A Note on the Moments of Special Mixture Distributions, with Applications for Control Charts

Balázs Dobi, András Zempléni
Budapest, Hungary

Abstract: Control charts can be applied in a wide range of areas, this paper focuses on generalisations suitable for healthcare applications. We concentrate on the effect of using mixture distributions as the possible shifts in the process mean value. We give a closed formula for the expected squared deviation from the target value between samplings. This observation can be utilised in finding the cost-optimal parameters of the control chart.

Keywords: control chart, cost-optimality, Markov-chain, mixture distributions

1 Introduction

Control charts, as methods of statistical process control in industry have been introduced by Walter A. Shewhart in the 1920s (Montgomery, 2009). Even though initially control charts were optimised with respect to statistical criteria, the concept of cost-efficient or cost-optimal control charts appeared not long after. One of the earliest and most important work in this field is A. J. Duncan’s paper from 1956 (Duncan, 1956). The concept is still very popular today as can be seen by published articles and developed software packages (see e.g. Mortarino (2010); Zhu and Park (2013)).

Our earlier research focused on applications in healthcare settings, see e.g. Dobi and Zempléni (2019a). In this paper, the main model is a flexible framework which is based on the works of Zempléni et al. (2004). This framework uses a Markov chain-based approach, which is similar to Duncan’s cycle model as it also defines states related to the monitored process.
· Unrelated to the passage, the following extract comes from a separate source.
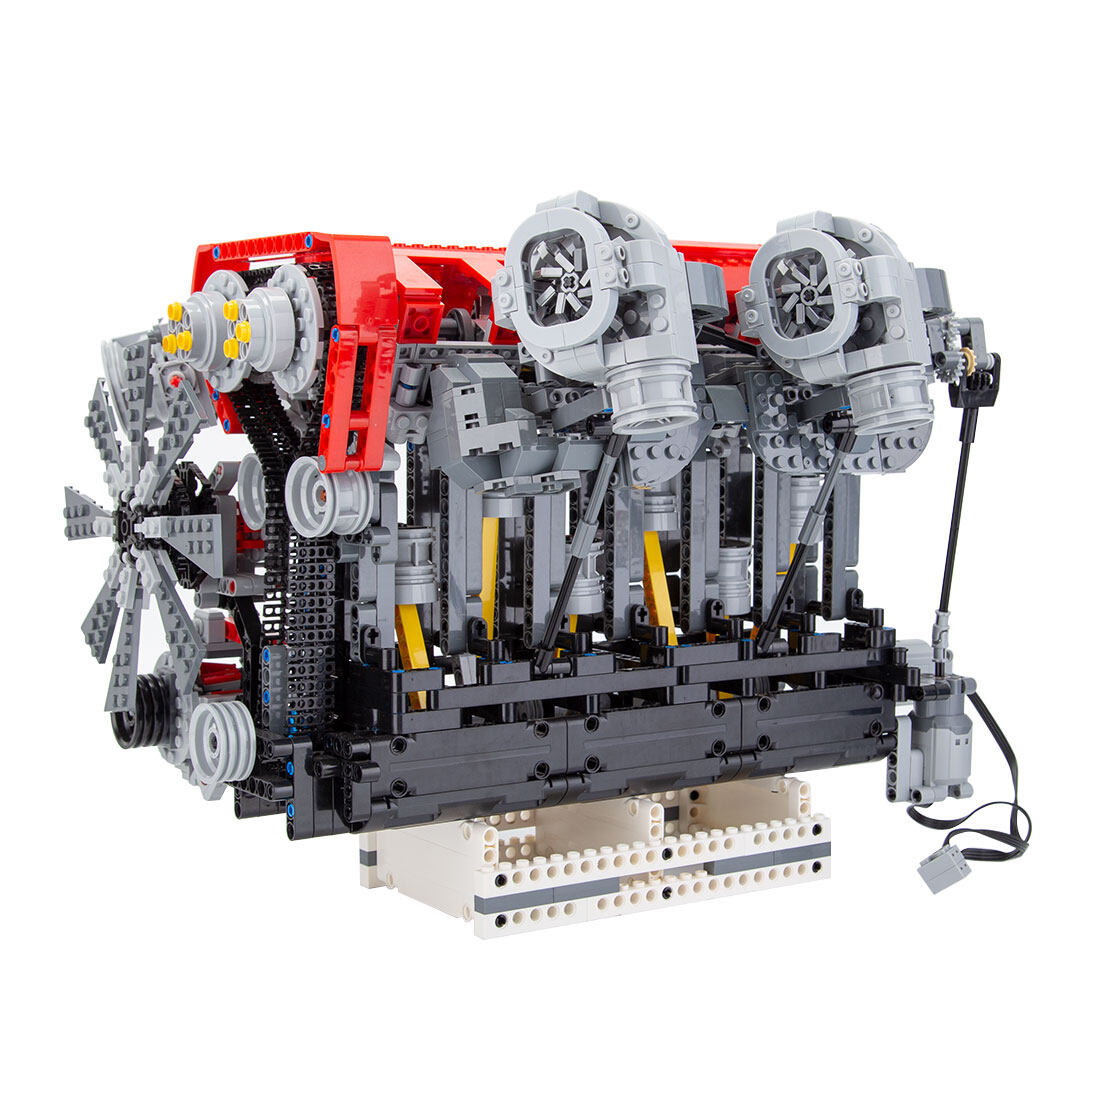 MOC RB-30 Six-Cylinder Four-Stroke Gasoline Engine Model Building Blocks Toy Set -1985PCS-Build Your Own L6 Engine enginediyshop

The advantage of this approach was that it allowed generalisations for random shift sizes, random repairs and random sampling times, all of which are common in healthcare applications. Using these control charts, we were able to estimate the optimal parameters of a patient monitoring setup, which consisted of the optimal time between samplings (i.e. control visits) and critical value (i.e. medical criteria) (Dobi and Zempléni, 2019a).

In this paper we aim to assess the effect of mixture shift size distributions - distributions which model the degradation in quality - on the average cost over a given time period. We give a closed formula for one of the main terms in the cost-calculations for control charts.

The rest of the paper consists of the following parts: Section 2 contains the main results, but first the mathematical background for the later results are given. Namely Subsection 2.1 briefly discusses the Markov chain-based framework and its generalisations. Subsections 2.2 and 2.3 deal with the main subject of this note: we present here a formula for the squared expectation of mixture shift distributions over a given time interval. Section 3 concludes the paper.

2 Methods

The description of the Markov chain-based framework below is just a brief introduction and summary necessary for understanding the results presented later in the paper. For further reading and more detailed descriptions see Zempléni et al. (2004); Dobi and Zempléni (2019a, b, 2022).

2.1 The Markov chain-based framework and its generalisations

Our control charts are used to monitor a characteristic, based on a single sample element at a time. The shift in this characteristic - when it occurs - is positive. These assumptions correspond to an $X$ -chart setup with sample size $N=1$ and one-sided critical value $K$ . Usually, there are three free parameters which are the focus of optimisation: the sample size $N$ , the critical value $K$ , and the time between samplings $h$ . Since the sample size is fixed here as $N=1$ , we are left with two parameters to use: $K$ and $h$ .

The following parameters and constants used throughout the paper are supposed to be known:

Notation	Meaning
$\mu_{0}$	Target value, in-control expectation
$\sigma$	Process standard deviation
$\delta$	Expected value of the exponential distribution (shift size)
$\zeta$	Probability of geometric shift in the mixed distribution
$\xi$	Probability parameter of the geometric distribution
$s$	Expected number of shifts in a unit time
$c_{s}$	Sampling cost
$c_{os}$	Base out-of-control cost per unit time
$c_{ob}$	Shift-proportional out-of-control cost per unit time
$c_{rb}$	Base repair cost
$c_{rs}$	Shift-proportional repair cost

The followings are also assumed:

•

The measurement error is normal with expectation 0 and known standard deviation $\sigma$ . Let its cumulative distribution function (CDF) be denoted by $\phi$ . Thus the in-control process distribution is normal with parameters $\mu_{0}$ and $\sigma$ .
•

The shift intensity ( $1/s$ : the inverse of the expected number of shifts in a unit time) is constant.
•

The shift size distribution is assumed to be known.
•

The process does not repair itself, and when a repair (treatment) is carried out it does not repair the process perfectly. Furthermore, the repair itself is treated as an instantaneous event, thus all costs related to repairing should be included in the repair cost. For example if a major repair entails higher cost, then this should also be reflected in the calculation.
•

The time between shifts, the shift sizes and repair effectiveness are all assumed to be independent from each other.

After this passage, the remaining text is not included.